Download or read book Landscapes written by Hilary P.M. Winchester and published by Routledge. This book was released on 2013-10-29 with total page 267 pages. Available in PDF, EPUB and Kindle. Book excerpt: Landscapes is a timely and well-written analysis of the meaning of cultural landscapes. The book delves into the layers of meaning that are invested in ordinary landscapes as well as landscapes of spectacle and power. Landscapes is a powerful and vivid application of the new cultural geography to case studies not previously visited within cultural geography texts.

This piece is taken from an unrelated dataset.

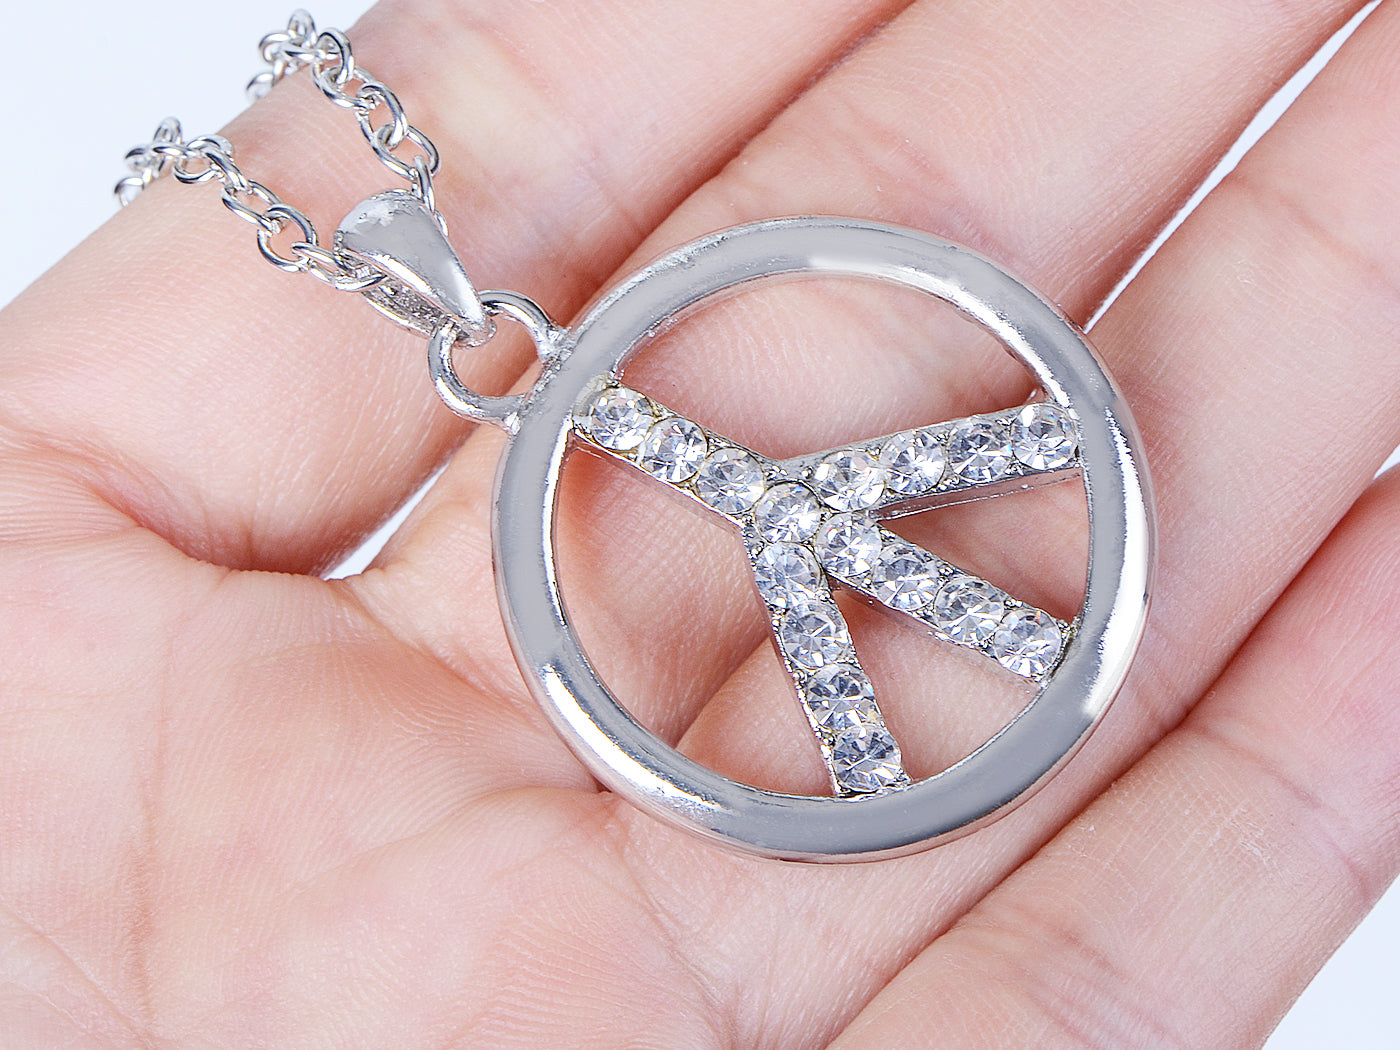 Able Peace Sign Retro Necklace

Book The Other Hong Kong Report 1996

Download or read book The Other Hong Kong Report 1996 written by Mee Kau Nyaw and published by Chinese University Press. This book was released on 1996-11-30 with total page 588 pages. Available in PDF, EPUB and Kindle. Book excerpt:

Book The Bloomsbury Handbook of Linguistic Landscapes

Download or read book The Bloomsbury Handbook of Linguistic Landscapes written by Robert Blackwood and published by Bloomsbury Publishing. This book was released on 2024-06-29 with total page 513 pages. Available in PDF, EPUB and Kindle. Book excerpt: Presenting a detailed examination of the origins, evolutions, and state-of-the-art of linguistic landscape research, The Bloomsbury Handbook of Linguistic Landscapes is a comprehensive guide to the burgeoning field of linguistic landscapes and the study of meaning and interpretation in public spaces and settings. Providing a thorough synopsis of the theories, methodologies, and objects of study which inflect linguistic landscape research across the world, this book is the ideal companion for both new and experienced readers interested in the processes of communication in public spaces across diverse settings and from a broad range of perspectives. Through a wide selection of case studies and original research, the handbook highlights the global reach of linguistic landscape theories and practices. Scrutinising an array of qualitative, quantitative, and mixed methodological approaches for analysing a wide spectrum of meaning-making phenomena, it investigates semiosis in contexts ranging from graffiti and street signs to tattoos and literature, visible across a variety of sites, including city centres, rural settings, schools, protest marches, museums, war-torn landscapes, and the internet.

Book Urban Energy Landscapes

Download or read book Urban Energy Landscapes written by Vanesa Castán Broto and published by Cambridge University Press. This book was released on 2019-04-11 with total page 255 pages. Available in PDF, EPUB and Kindle. Book excerpt: Research volume on urban energy transition that will have wide interdisciplinary appeal to researchers in energy, urban and environmental studies.